Virtual Film Festival 2022
Co-Hosted by Listening Point Foundation & the Sigurd Olson Environmental Institute at Northland College
On March 3rd and 5th, the Listening Point Foundation and the Sigurd Olson Environmental Institute at Northland College will be highlighting three free films across two evenings, featuring a discussion with panelists who have expertise related to the films.
March 3 - Call of the Forest: The Forgotten Wisdom of Trees
Discussion @ 7:00 PM CT
The first session focuses on the film Call of the Forest: The Forgotten Wisdom of Trees. Take a walk in the woods with beloved Irish-Canadian scientist and author, Diana Beresford-Kroeger, as she reveals our profound human connection to the ancient and sacred northern forests and the essential role that they play in sustaining the health of our planet.

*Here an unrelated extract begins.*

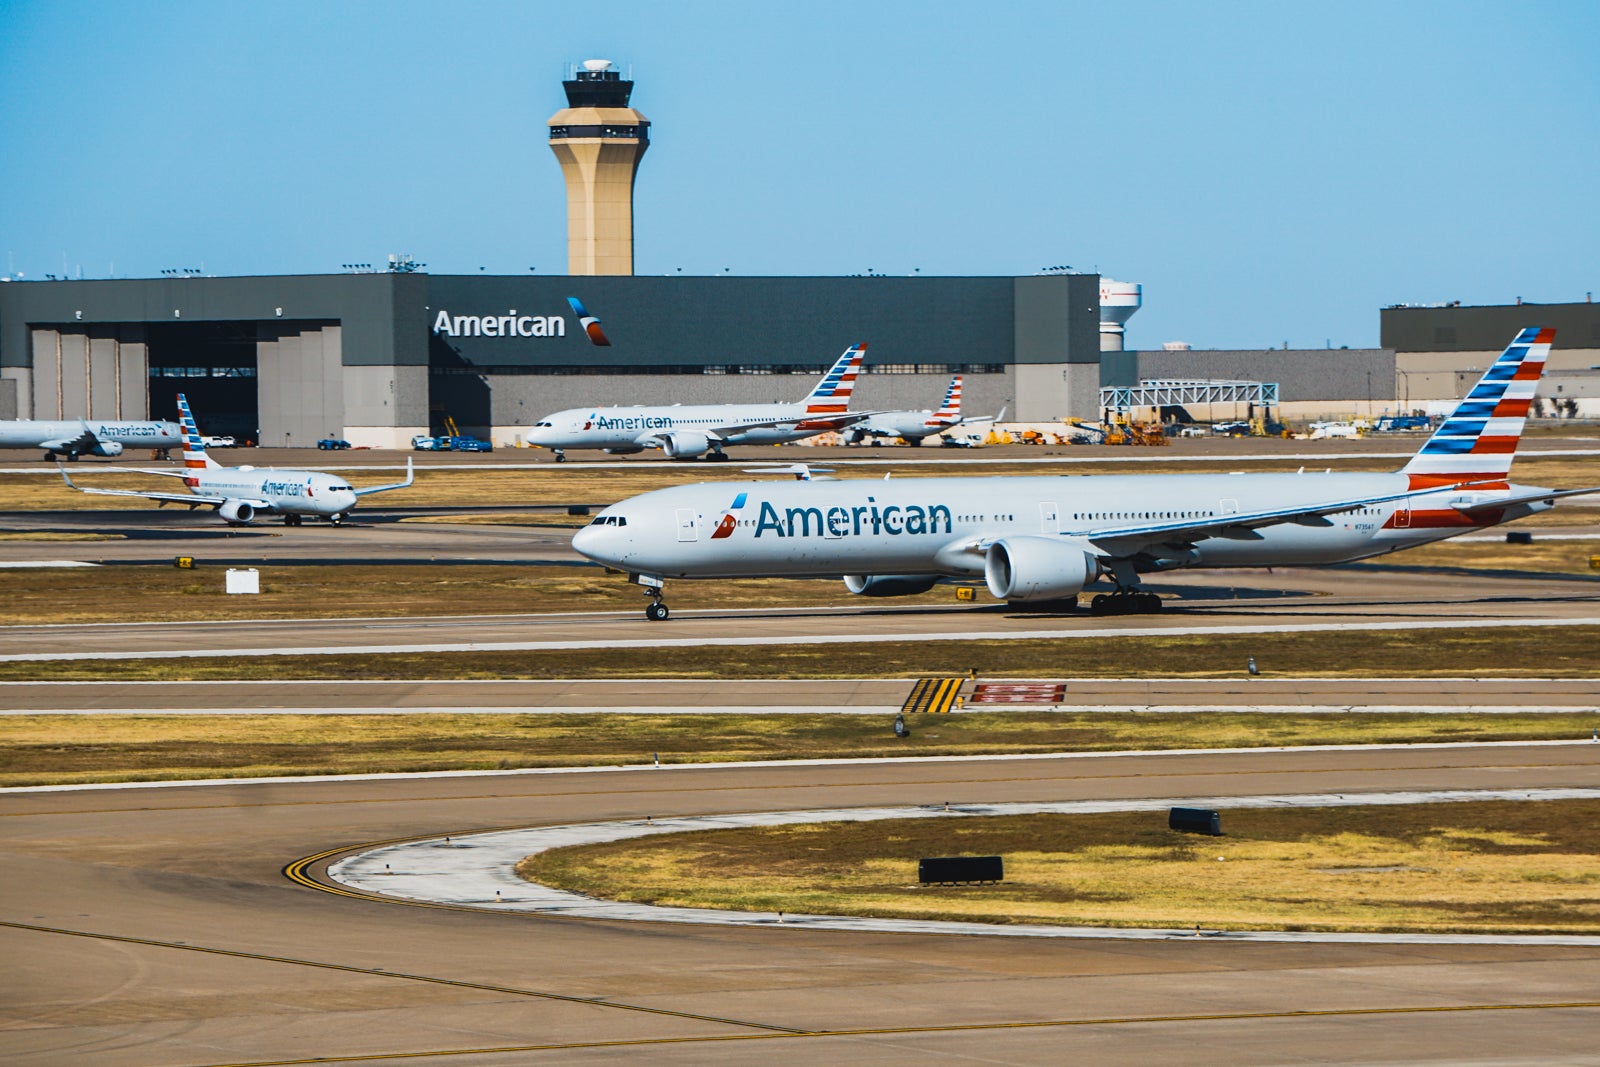 20191028_DFW Airport_American Airlines aircraft on ground in DFW 2_JTGenter
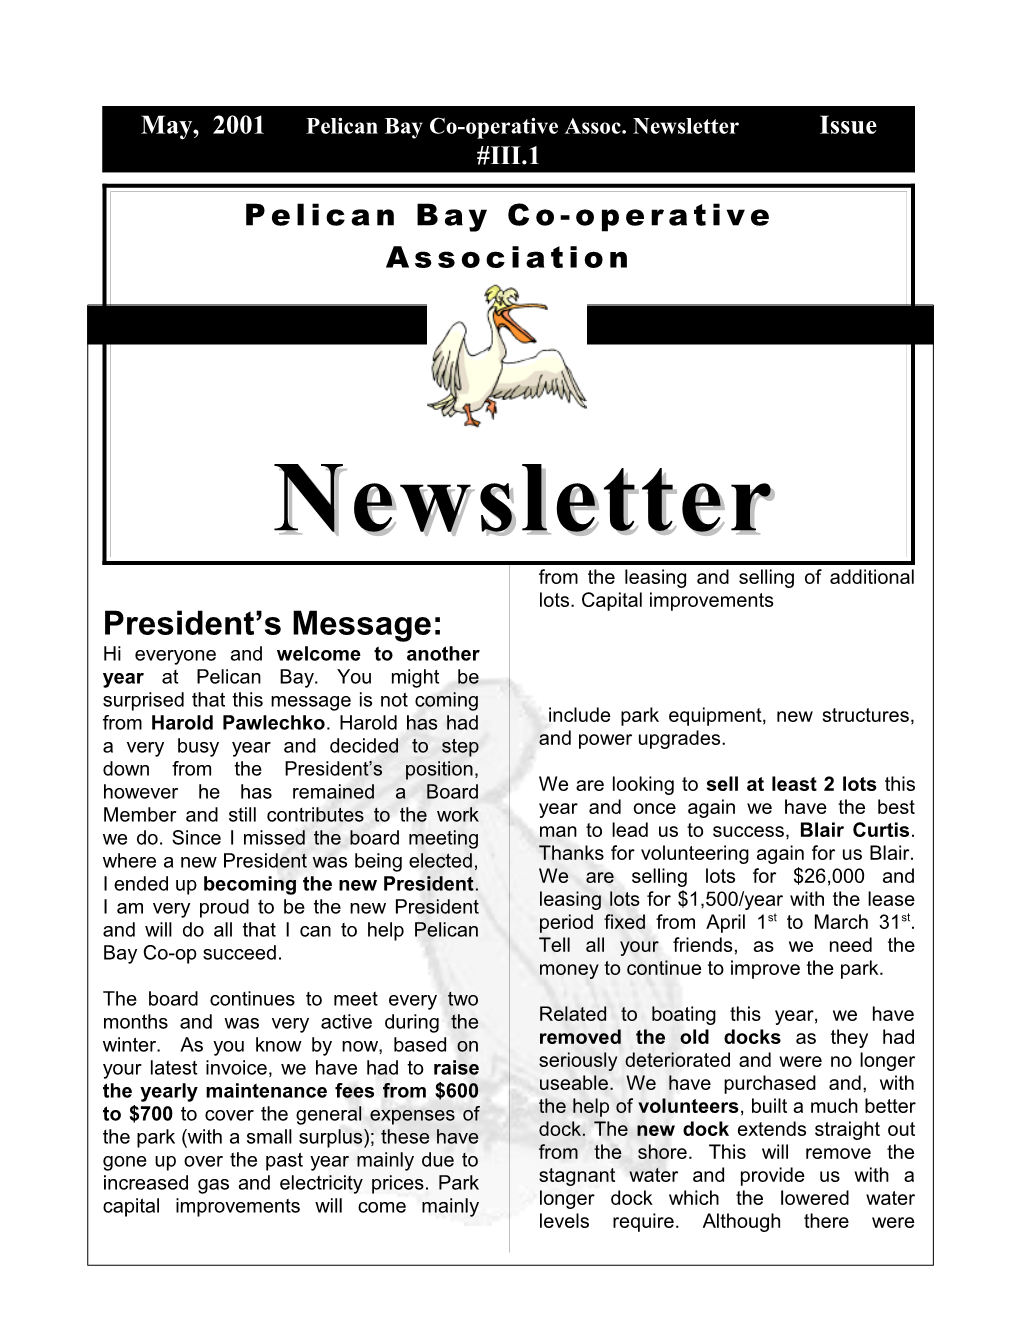 May, 2001 Pelican Bay Co-Operative Assoc. Newsletter Issue #III.1

Featuring Panelist: Diana Beresford-Kroeger
Botanist, medical biochemist and author Diana Beresford-Kroeger possesses a unique combination of western scientific training and an understanding of the knowledge and methods of a wide variety of traditional and alternative sources. Her books include The Sweetness of a Simple Life, The Global Forest, Arboretum Borealis: A Lifeline of the Planet, Arboretum America: A Philosophy of the Forest, and A Garden for Life. A feature documentary about her work, the Canadian Screen Awards-nominated Call of the Forest: The Forgotten Wisdom of Trees, appeared in 2017. Her latest book is To Speak for the Trees: My Life’s Journey From Ancient Celtic Wisdom To a Healing Vision of the Forest.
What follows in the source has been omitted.